*Provided data*
———
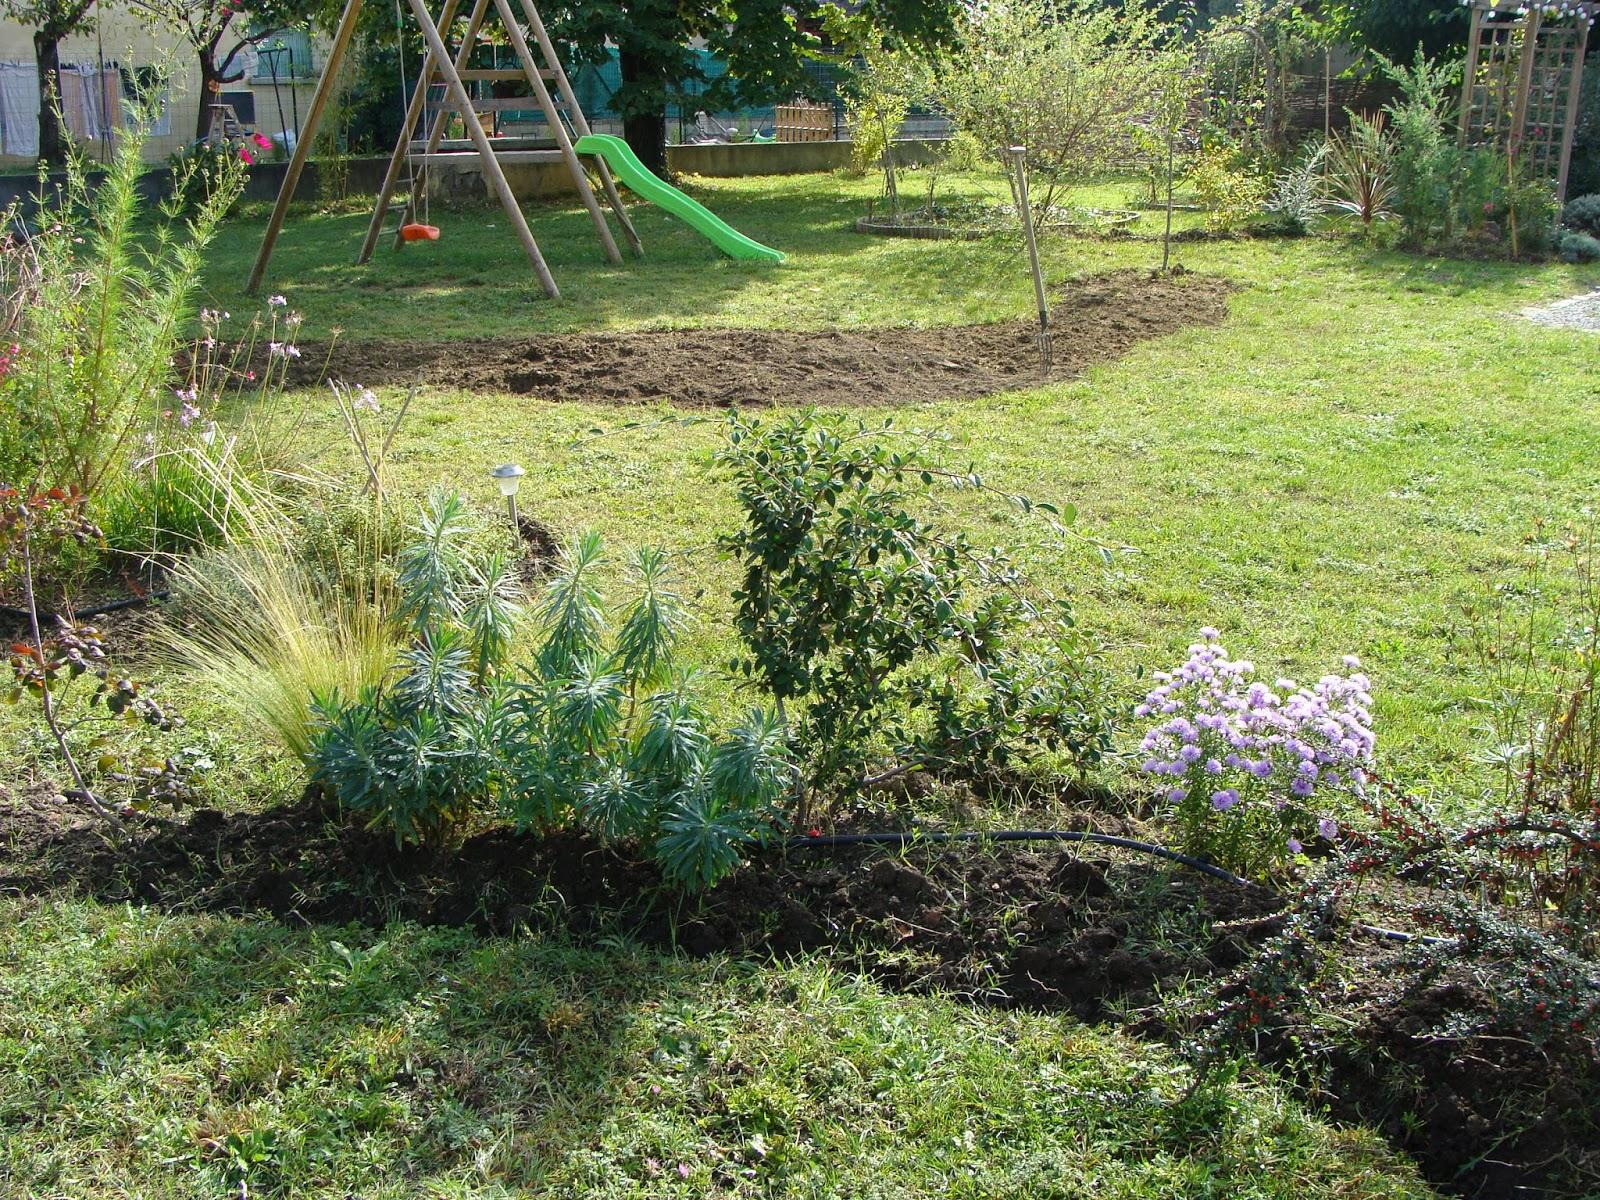 Jardine et ris chose promise chose due saison 2 for Jardin jardine
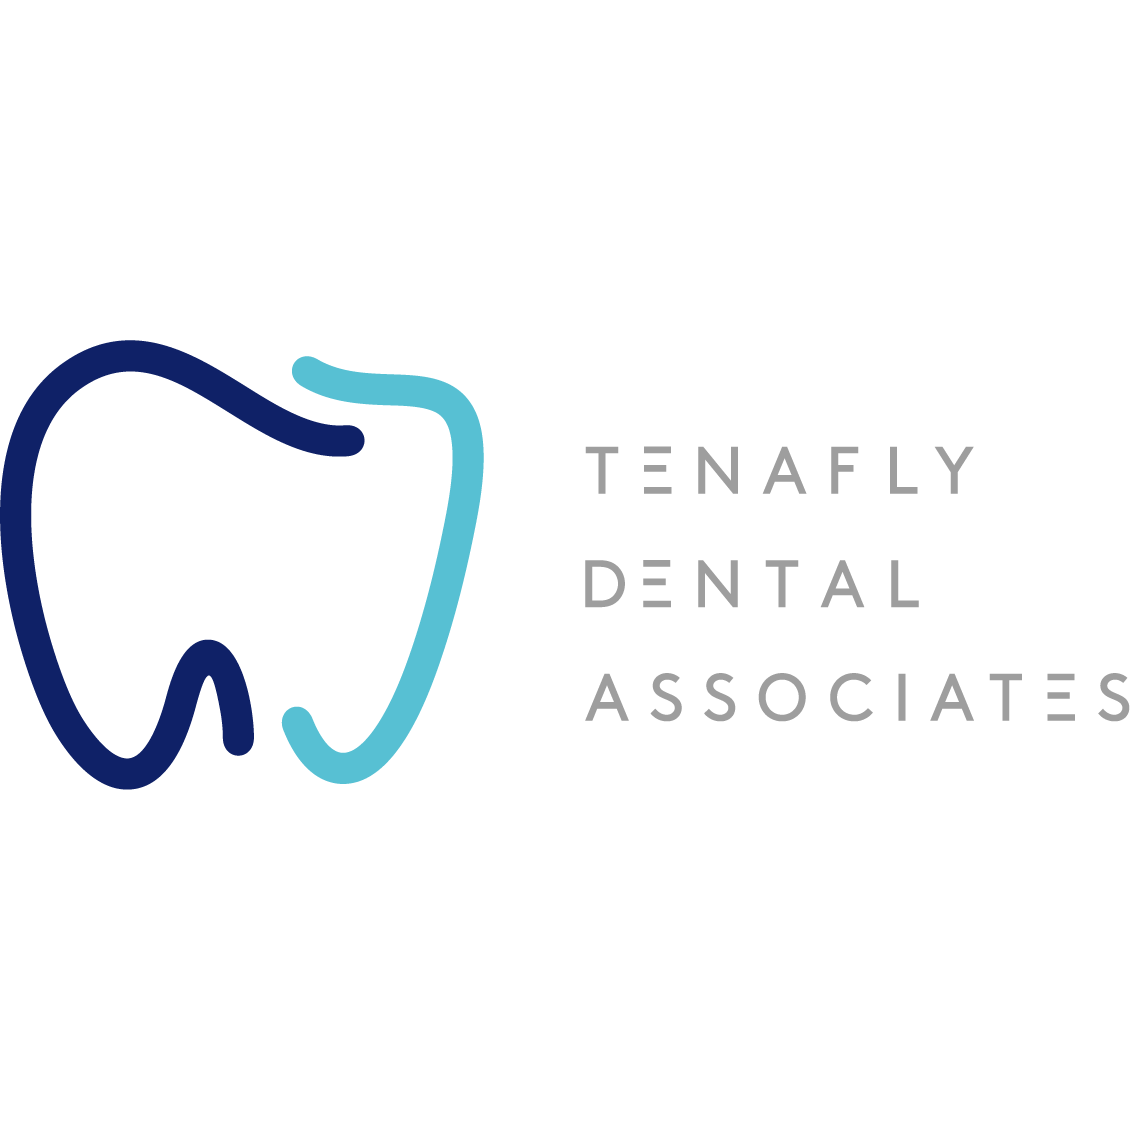 Tenafly Dental Associates - Tenafly, NJ - Dentists & Dental Services
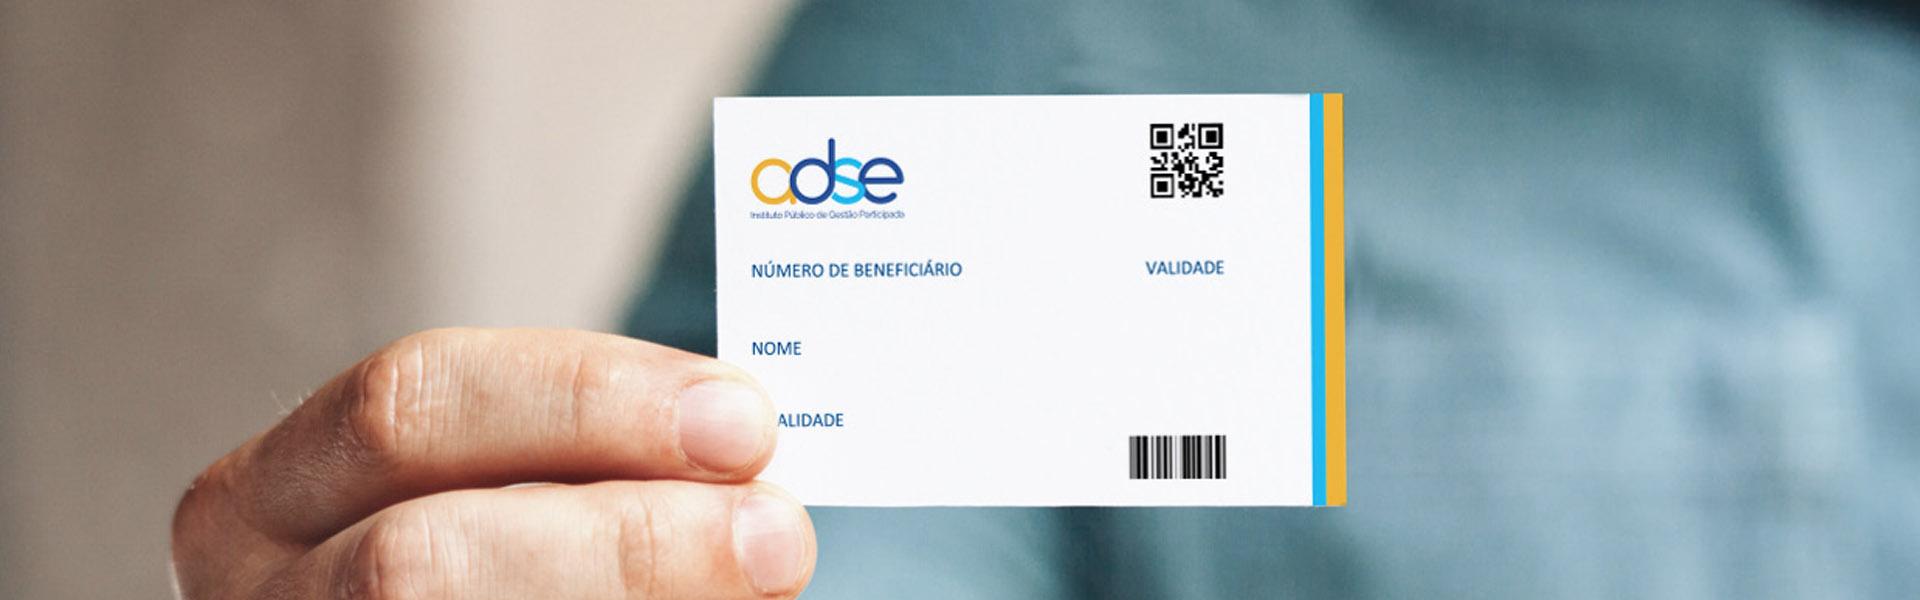 ADSE - Cartao de Beneficiario
———
*Instructions to follow*
Only the lines from the one containing "Tenafly Dental Associates" through the end of the listing should be output, word for word and inclusive; keep pictures out.

*Exercise output*
 Tenafly Dental Associates - Tenafly, NJ - Dentists & Dental Services
 ADSE - Cartao de Beneficiario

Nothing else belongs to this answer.